Work request: Once the line holding "smad-microwave" is found in the entries below, restate it and each line after it word for word, with no pictures.

Records for the task:
▼▼▼

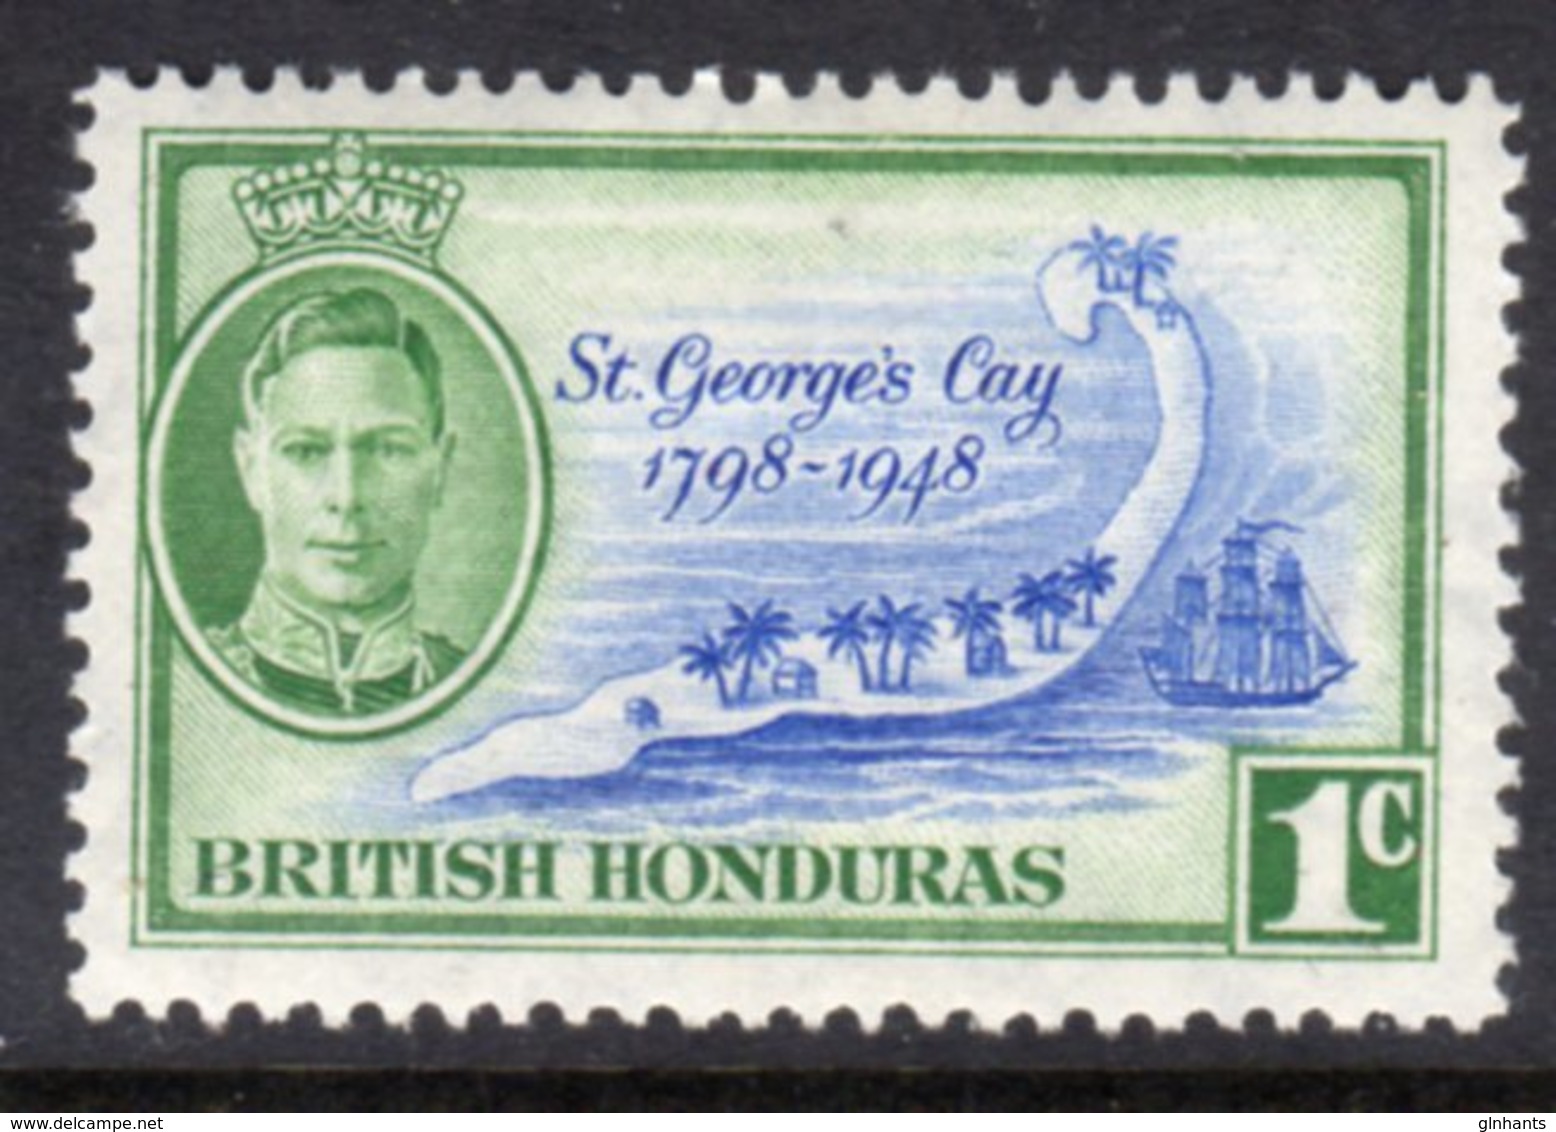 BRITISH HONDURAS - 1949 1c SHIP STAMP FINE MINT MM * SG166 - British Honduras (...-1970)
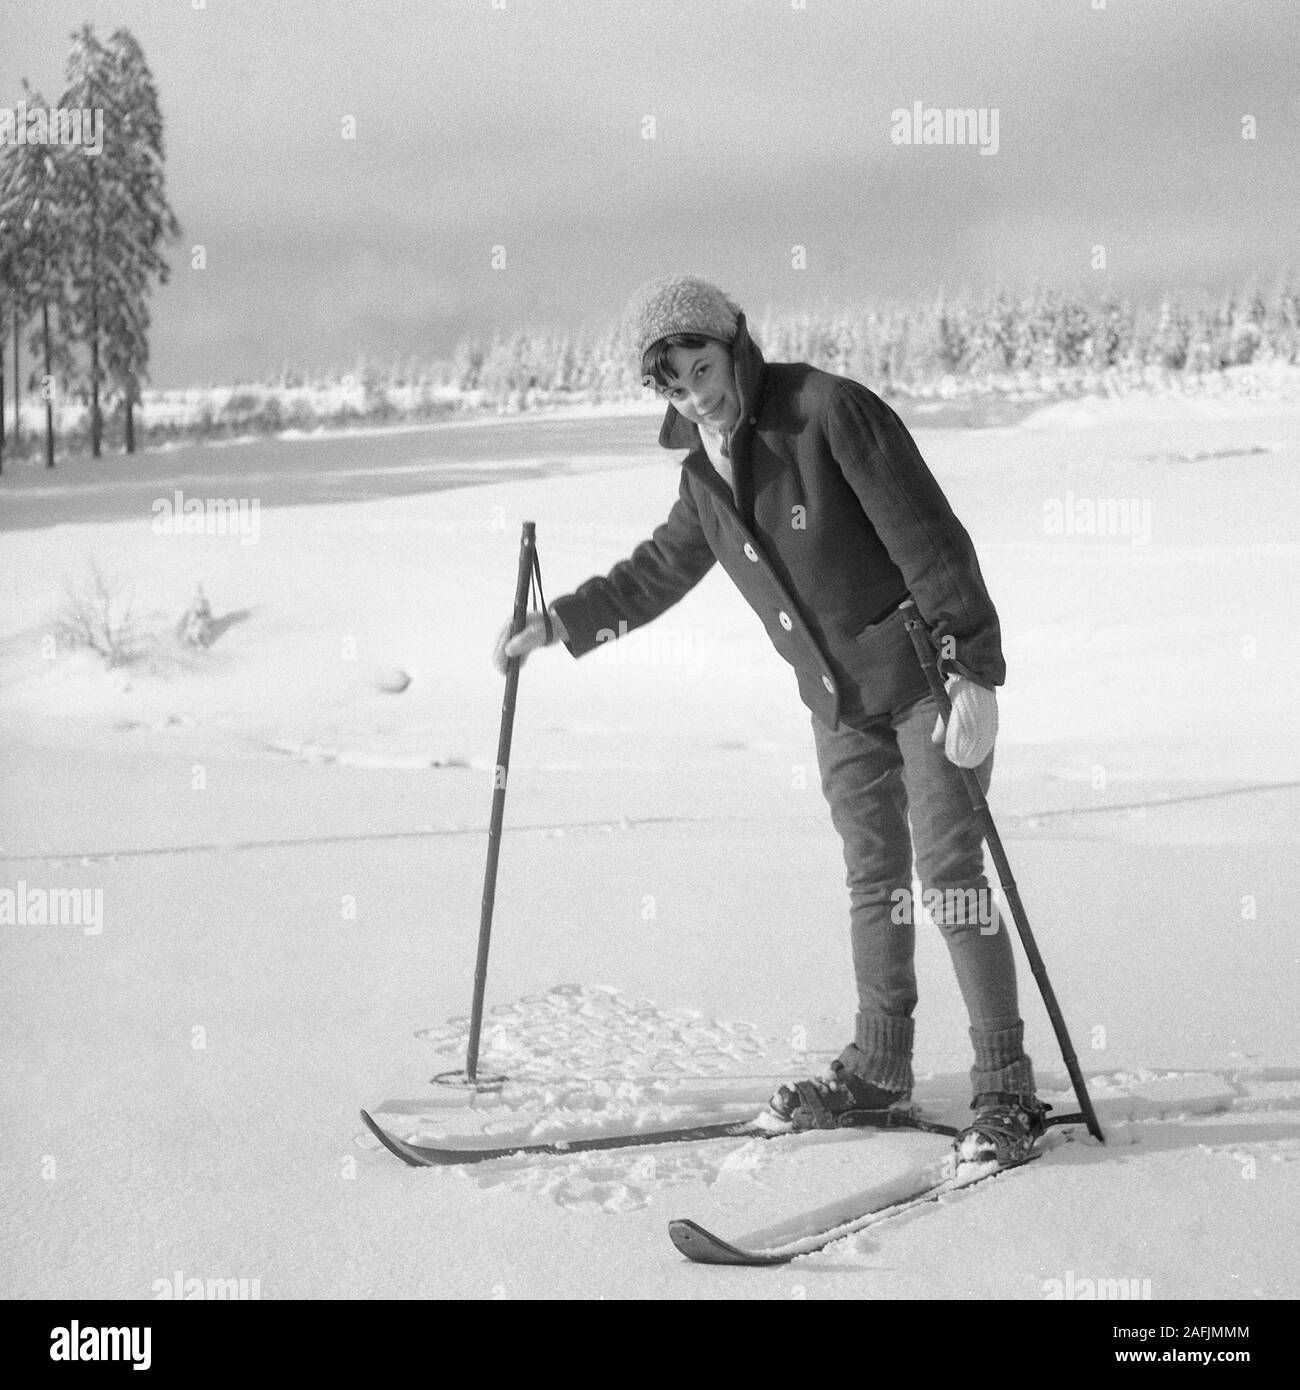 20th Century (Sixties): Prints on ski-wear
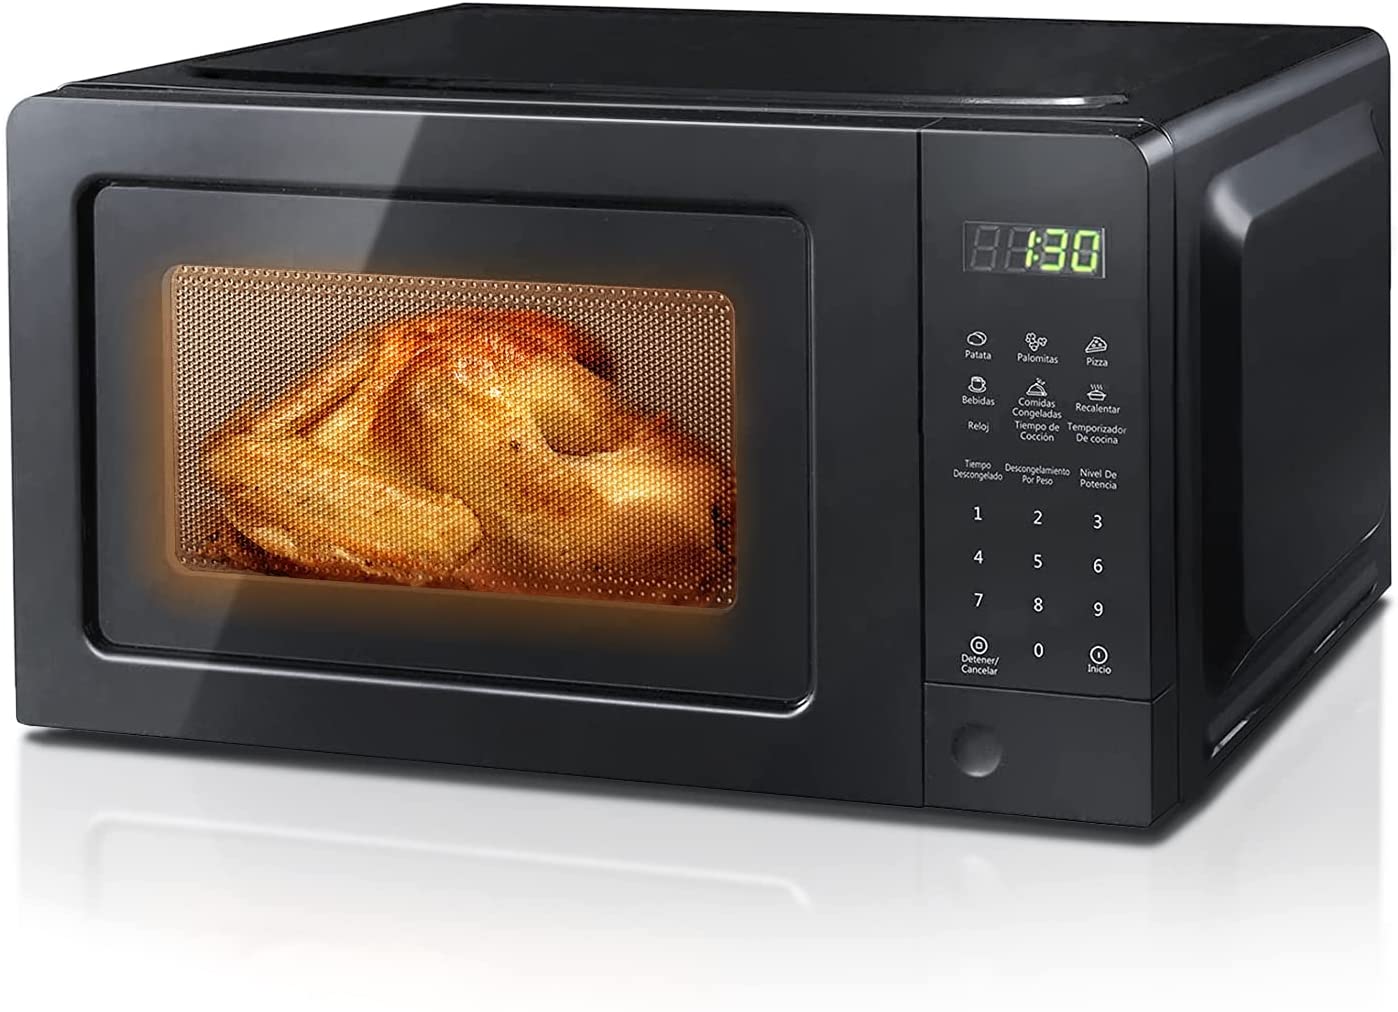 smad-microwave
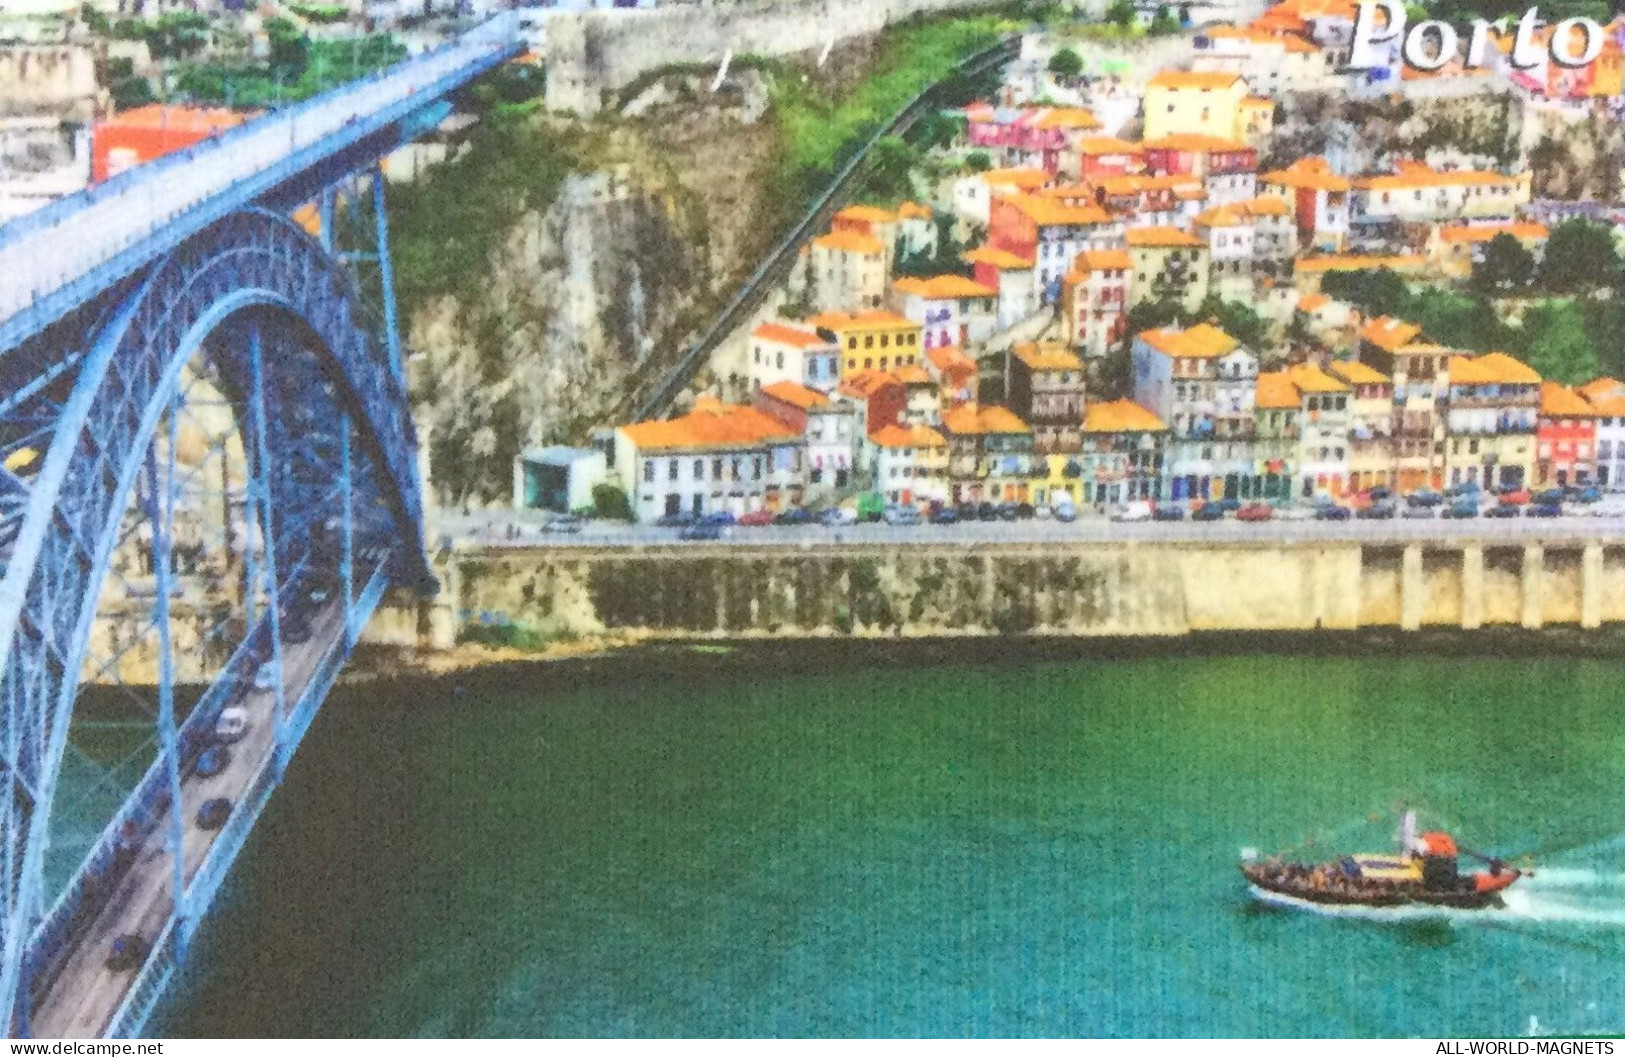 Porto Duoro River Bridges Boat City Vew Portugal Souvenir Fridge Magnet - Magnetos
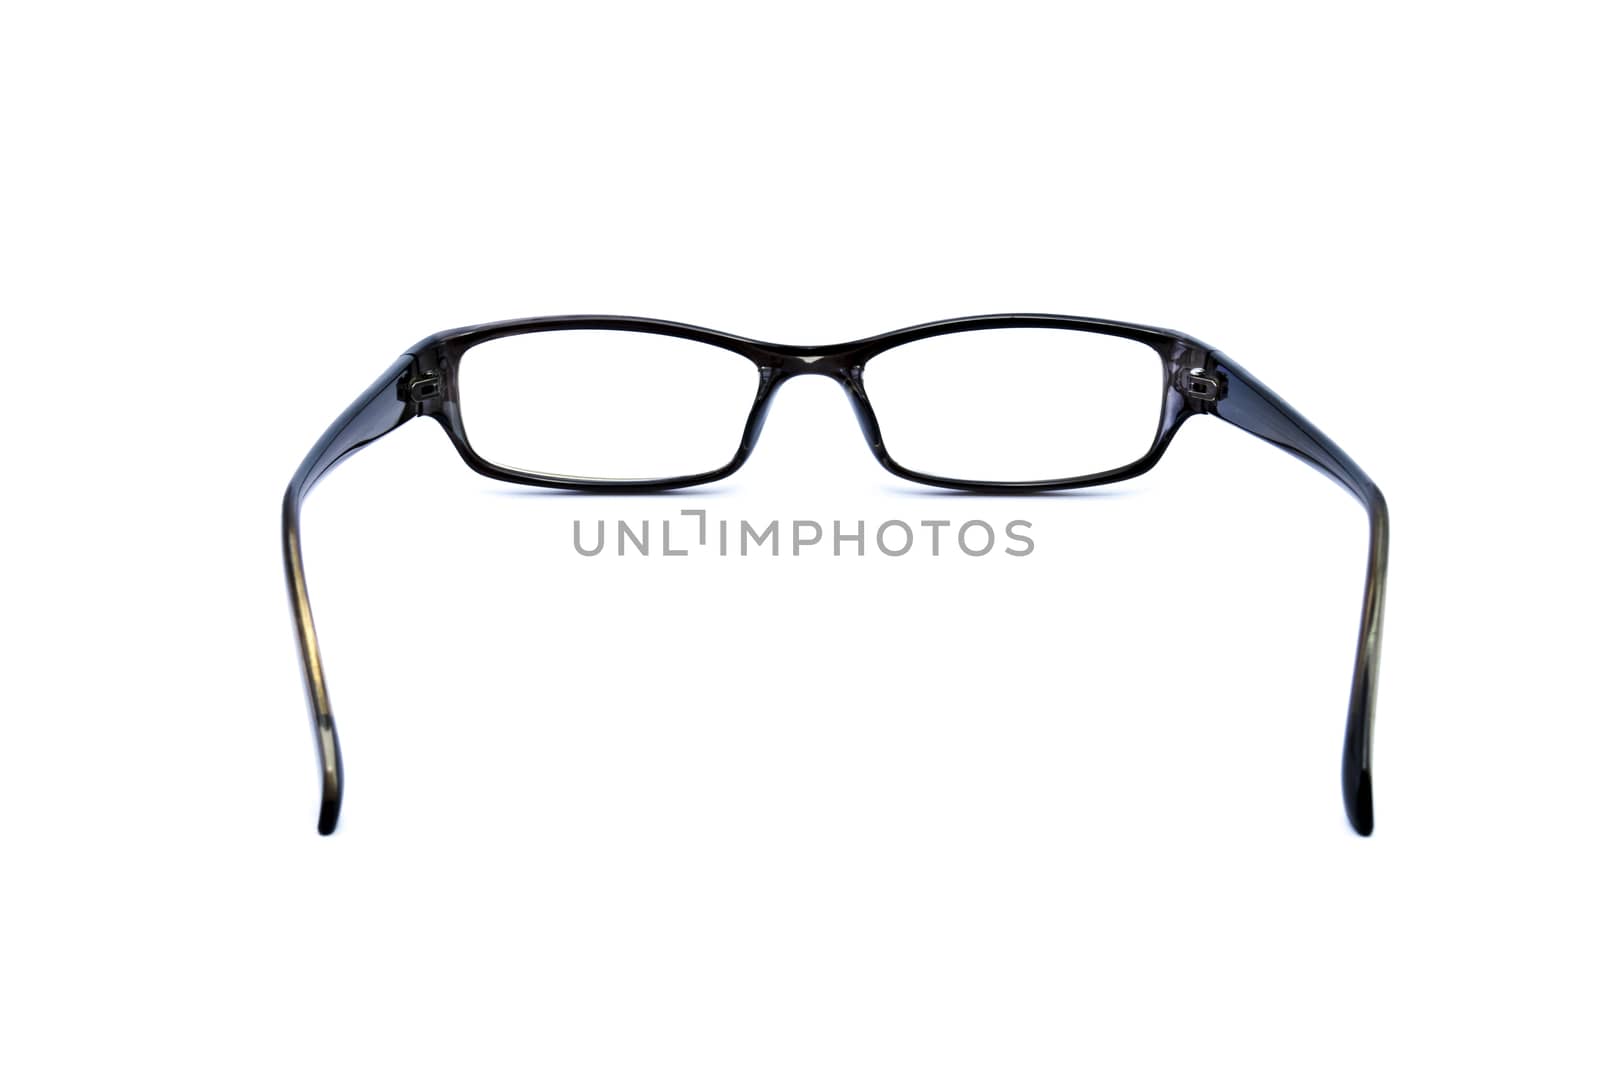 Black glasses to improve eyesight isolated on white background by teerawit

▲▲▲

Written solution:
 smad-microwave
 Porto Duoro River Bridges Boat City Vew Portugal Souvenir Fridge Magnet - Magnetos
 Black glasses to improve eyesight isolated on white background by teerawit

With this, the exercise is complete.